The final round of negotiations on Title IV general provisions finished in consensus. Negotiators successfully navigated 19 issues. Not all of the agreed-upon language has been provided by the Department and it is unclear if a final version will be released from the Department prior to the Notice of Proposed Rulemaking that is expected to come out within the next few months.

Following the Notice of Proposed Rulemaking will be a comment period of at least 30 days to allow the financial aid community at-large and the general public to suggest any further changes. Negotiation rules prohibit any negotiators from commenting negatively on the package after consensus.

The Department will then publish a Notice of Final Rules, which will also include a preamble discussing any further changes made by the Department in response to public comment. The Notice of Final Rules will also contain an implementation date for the regulations and must be published by November 1, in order to be implemented the following July 1.

This article builds on what had been agreed on during round two of negotiations, and focuses on the changes that were made in round three. A summary of the second round of negotiations on General Provisions is available in these two articles:

This is the second of two articles that analyze these latest draft proposed regulations. The first article was published last week.

Recovery of Funds Not Claimed by Student or Parent

The draft proposed regulations would establish time frames by which a school must return unclaimed Title IV funds, as appropriate, to the Department, the guaranty agency, or the FFEL lender. If a check is not negotiated, the school must return the unclaimed funds no later than 240 days (as opposed to 180 days previously proposed by the Department) after the check was issued.

If a check is returned to the school or an electronic funds transfer (EFT) is rejected, the school would have the option to return the funds or to make additional attempts to disburse them. If the school chooses not make another disbursement attempt, it would be required to return the unclaimed funds within 45 days of the date they were returned to the school. On the other hand, if the school chooses to make an additional disbursement attempt, it would be required do so within 45 days of the date the funds were returned to the school as undeliverable. After making the second attempt within the 45-day period, the school would still be able to make additional disbursement attempts provided each attempt is made within 45 days of the date the unclaimed funds were returned again to the school. If further disbursement attempts are still unsuccessful, the school would be required to cease its attempts to disburse the unclaimed funds and to return them within 240 days of the date it initially attempted to disburse them.

A nonfederal negotiator expressed concern that these proposed regulations might conflict with state law for the return of funds within the proposed time frames. Federal legal counsel pointed out that schools that participate in the Title IV programs are held accountable to federal law, which preempts state law. Even though current regulations contain a provision to that effect, federal negotiators added clarifying language to state, "Notwithstanding any State law (such as a law that allows funds to escheat to the State)..." to underscore that these regulations would supersede any state statutes.

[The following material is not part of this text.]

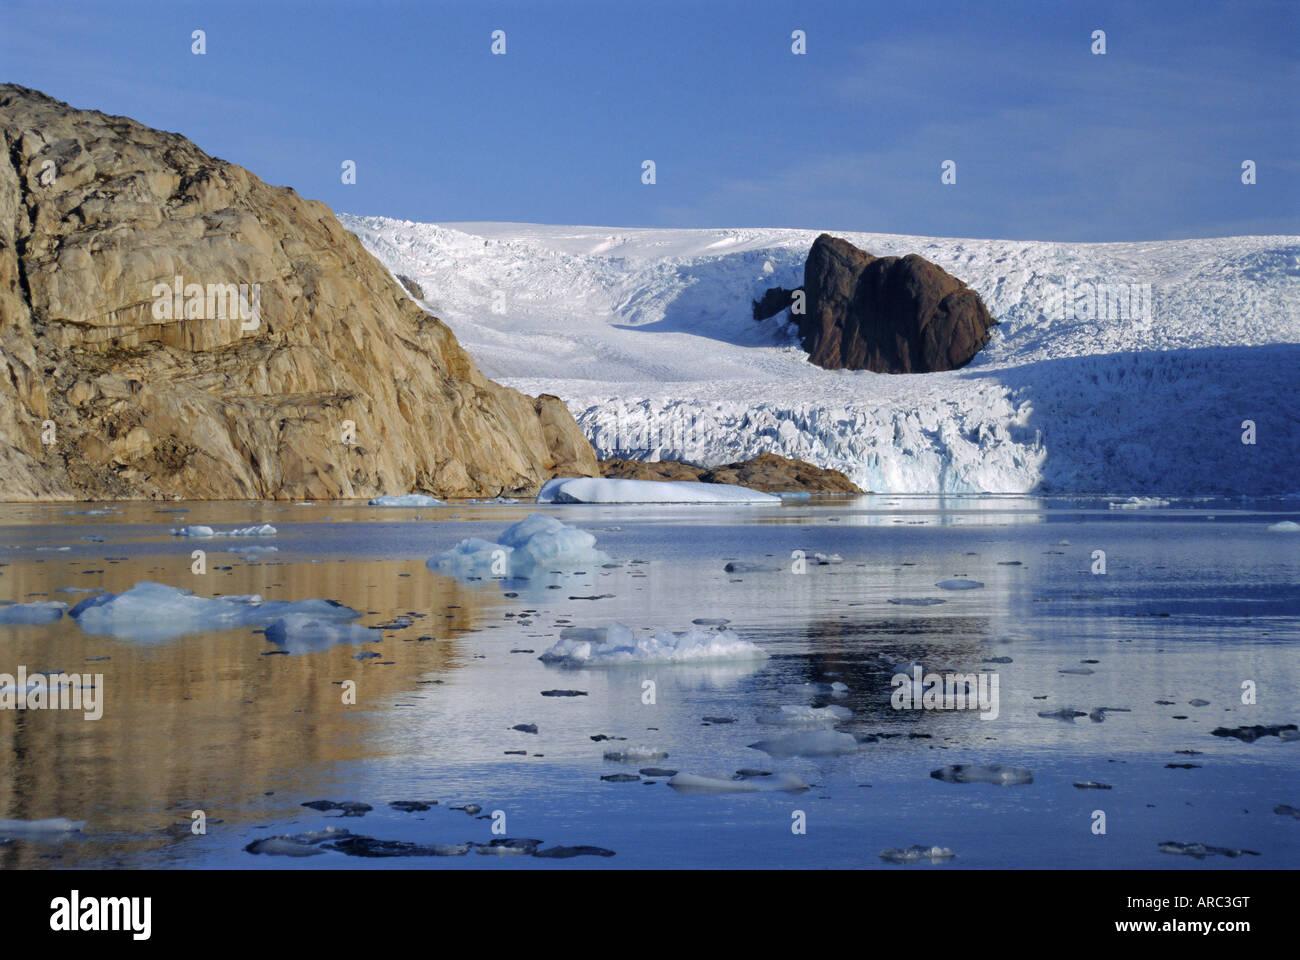 Glacier in Prins Christians Sund, South Greenland, Greenland - Stock Image

Electronic Disbursements, Use of Stored-Value Cards, and Issuing a Check

During the final round of negotiations, federal negotiators offered revised language that would modify cash management direct disbursement provisions. Under the draft proposed language, if Title IV funds are disbursed by check, the school must notify the borrower that the check is available for immediate pickup and must specify the location at the school where the check is available. If after 21 days the check has not been picked up, the school would be required to immediately mail the check to the borrower, initiate an EFT to the borrower's bank account, or return the funds to the appropriate Title IV program account.

The proposed regulations would define bank account for purposes of direct disbursements as "an FDIC insured account, such as a checking or savings account, or a similar account that underlies a stored-value card or other transaction device." In addition, the Department modified its earlier proposed provisions related to the conditions under which a school may open a bank account on behalf of a student or parent. These changes include clarification that the school may request, but not require the student or parent, to open a bank account. If the student or parent chooses not to open a bank account, the school must have other methods to directly disburse Title IV funds.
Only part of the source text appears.